Identification and estimation of treatment effects on long-term outcomes in clinical trials with external observational data

In biomedical studies, estimating drug effects on chronic diseases requires a long follow-up period, which is difficult to meet in randomized clinical trials (RCTs). The use of a short-term surrogate to replace the long-term outcome for assessing the drug effect relies on stringent assumptions that empirical studies often fail to satisfy. Motivated by a kidney disease study, we investigate the drug effects on long-term outcomes by combining an RCT without observation of long-term outcome and an observational study in which the long-term outcome is observed but unmeasured confounding may exist.
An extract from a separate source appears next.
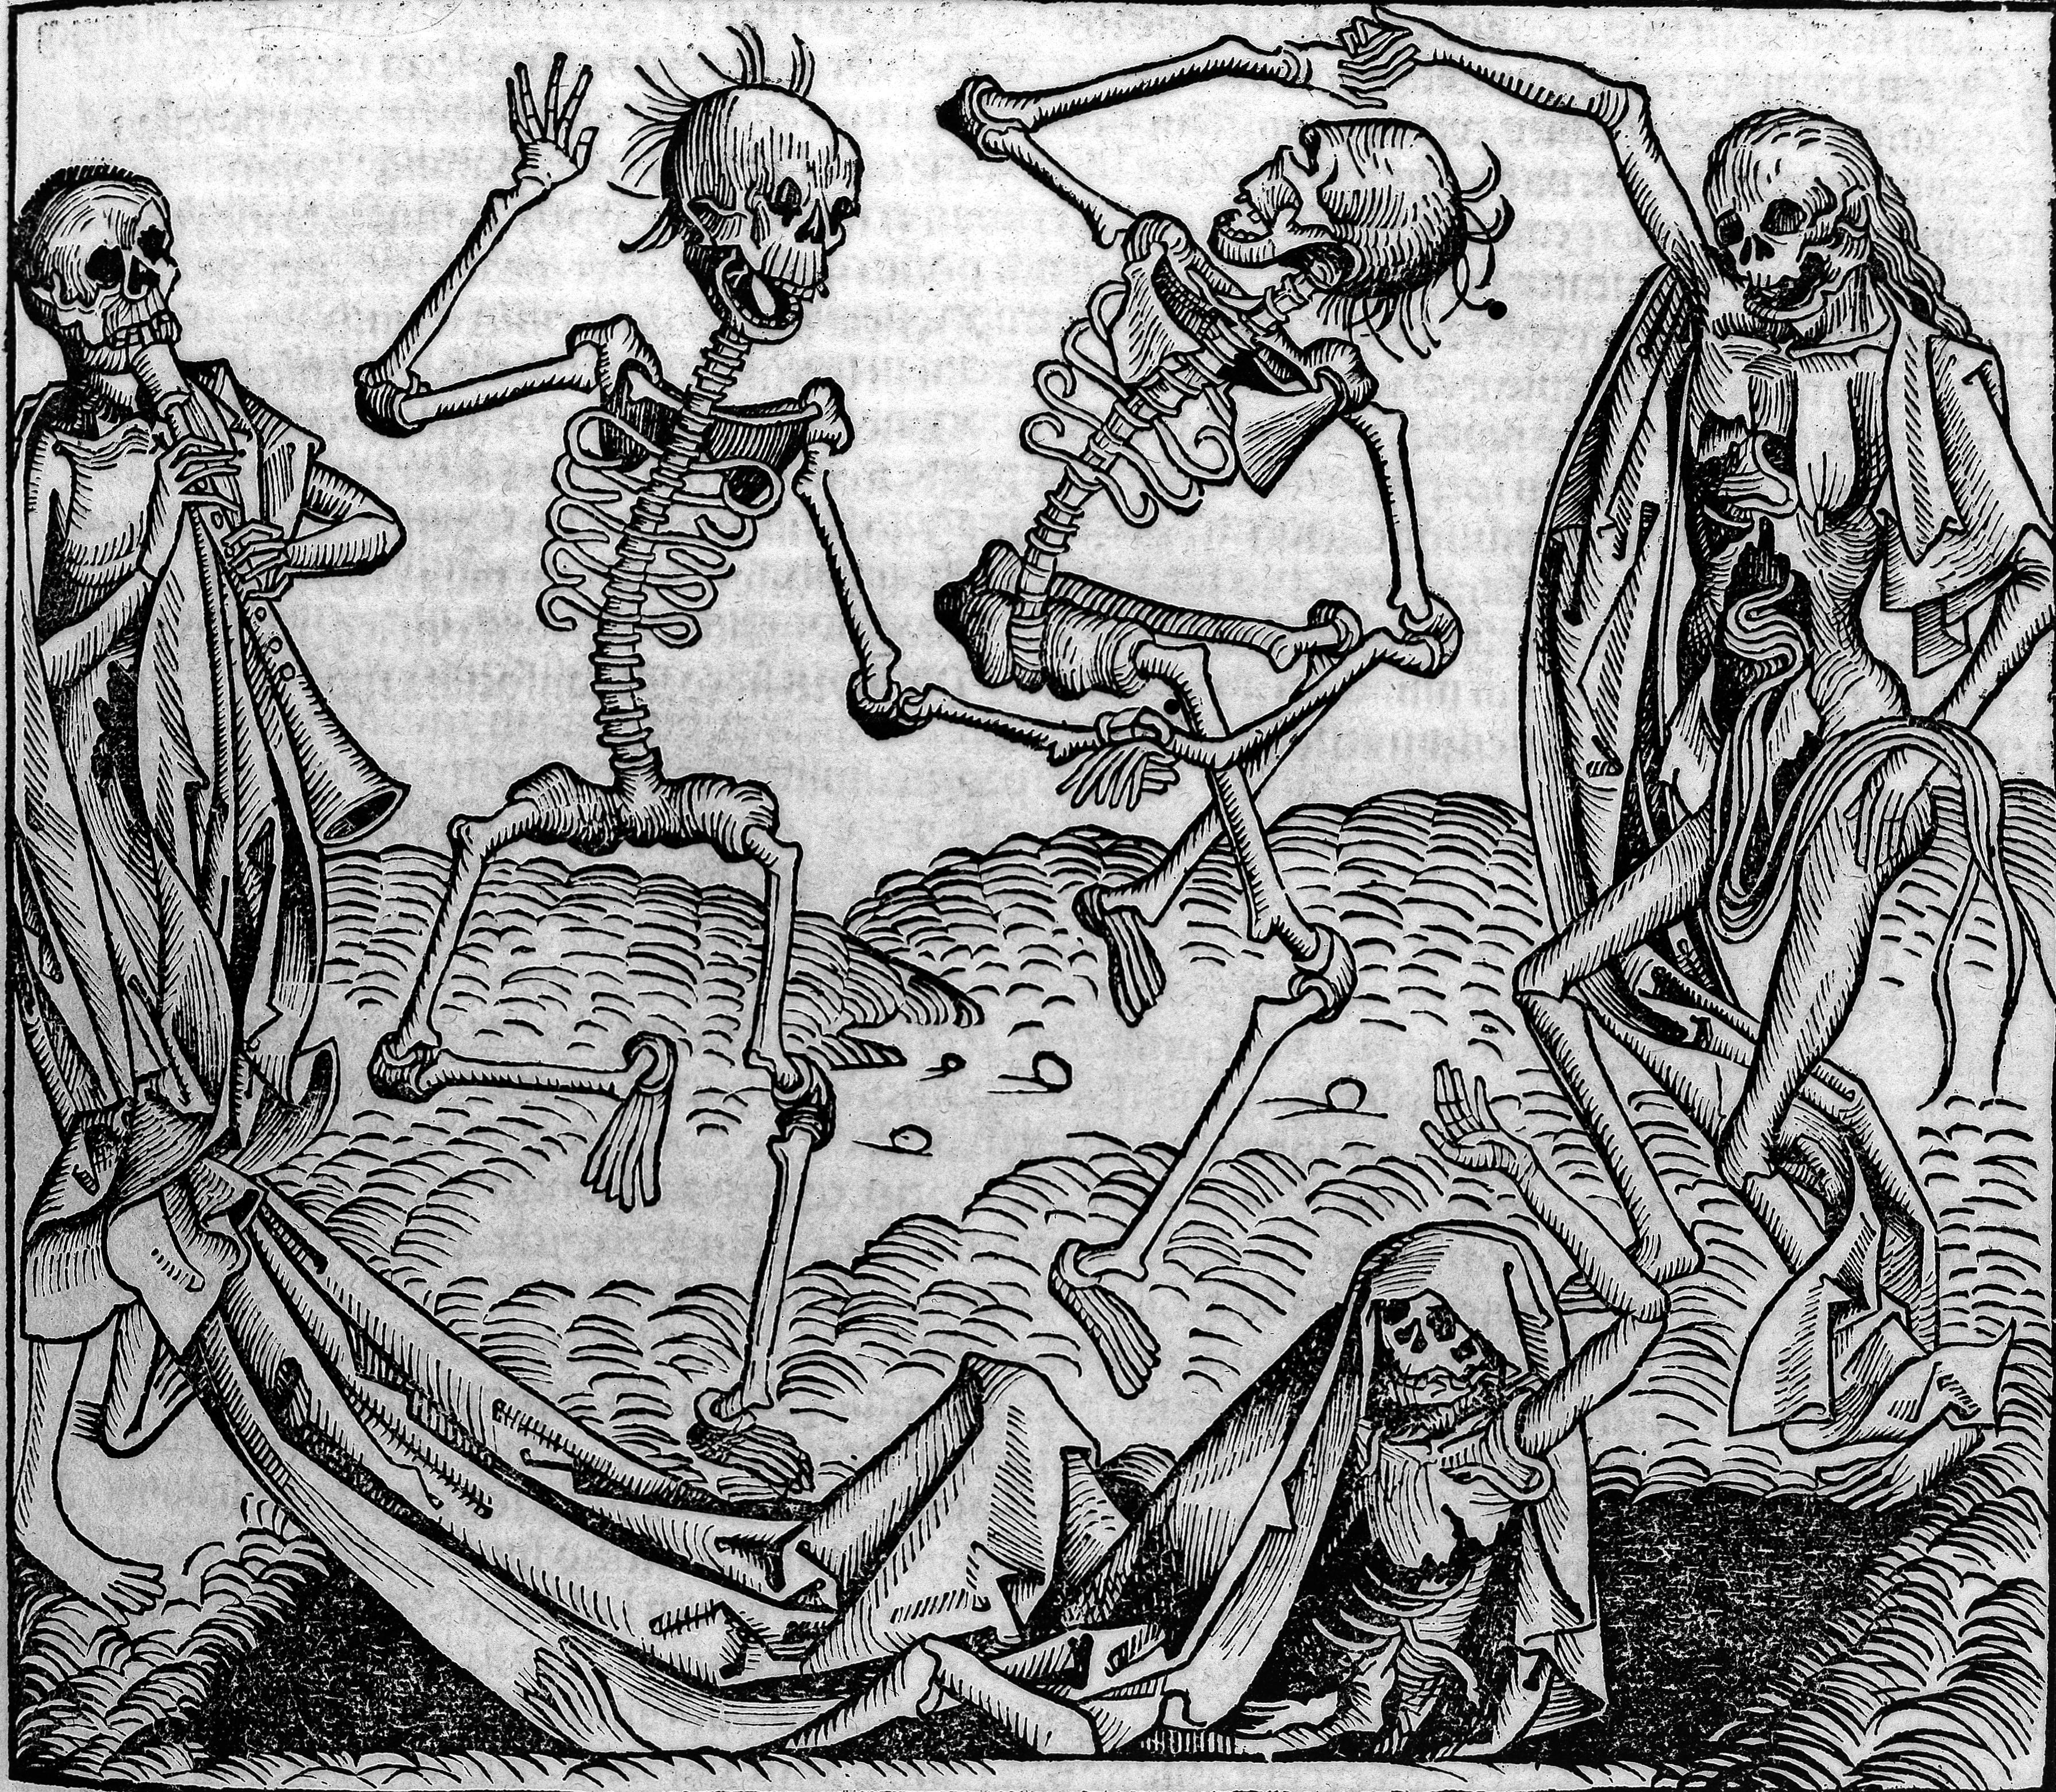 Engraving of dancing skeletons

Under a mean exchangeability assumption weaker than the previous literature, we identify the average treatment effects in the RCT and derive the associated efficient influence function and semiparametric efficiency bound. Furthermore, we propose a locally efficient doubly robust estimator and an inverse probability weighted (IPW) estimator. The former attains the semiparametric efficiency bound if all the working models are correctly specified. The latter has a simpler form and requires much fewer model specifications. The IPW estimator using estimated propensity scores is more efficient than that using true propensity scores and achieves the semiparametric efficient bound in the case of discrete covariates and surrogates with finite support. Both estimators are shown to be consistent and asymptotically normally distributed. Extensive simulations are conducted to evaluate the finite-sample performance of the proposed estimators. We apply the proposed methods to estimate the efficacy of oral hydroxychloroquine on renal failure in a real-world data analysis.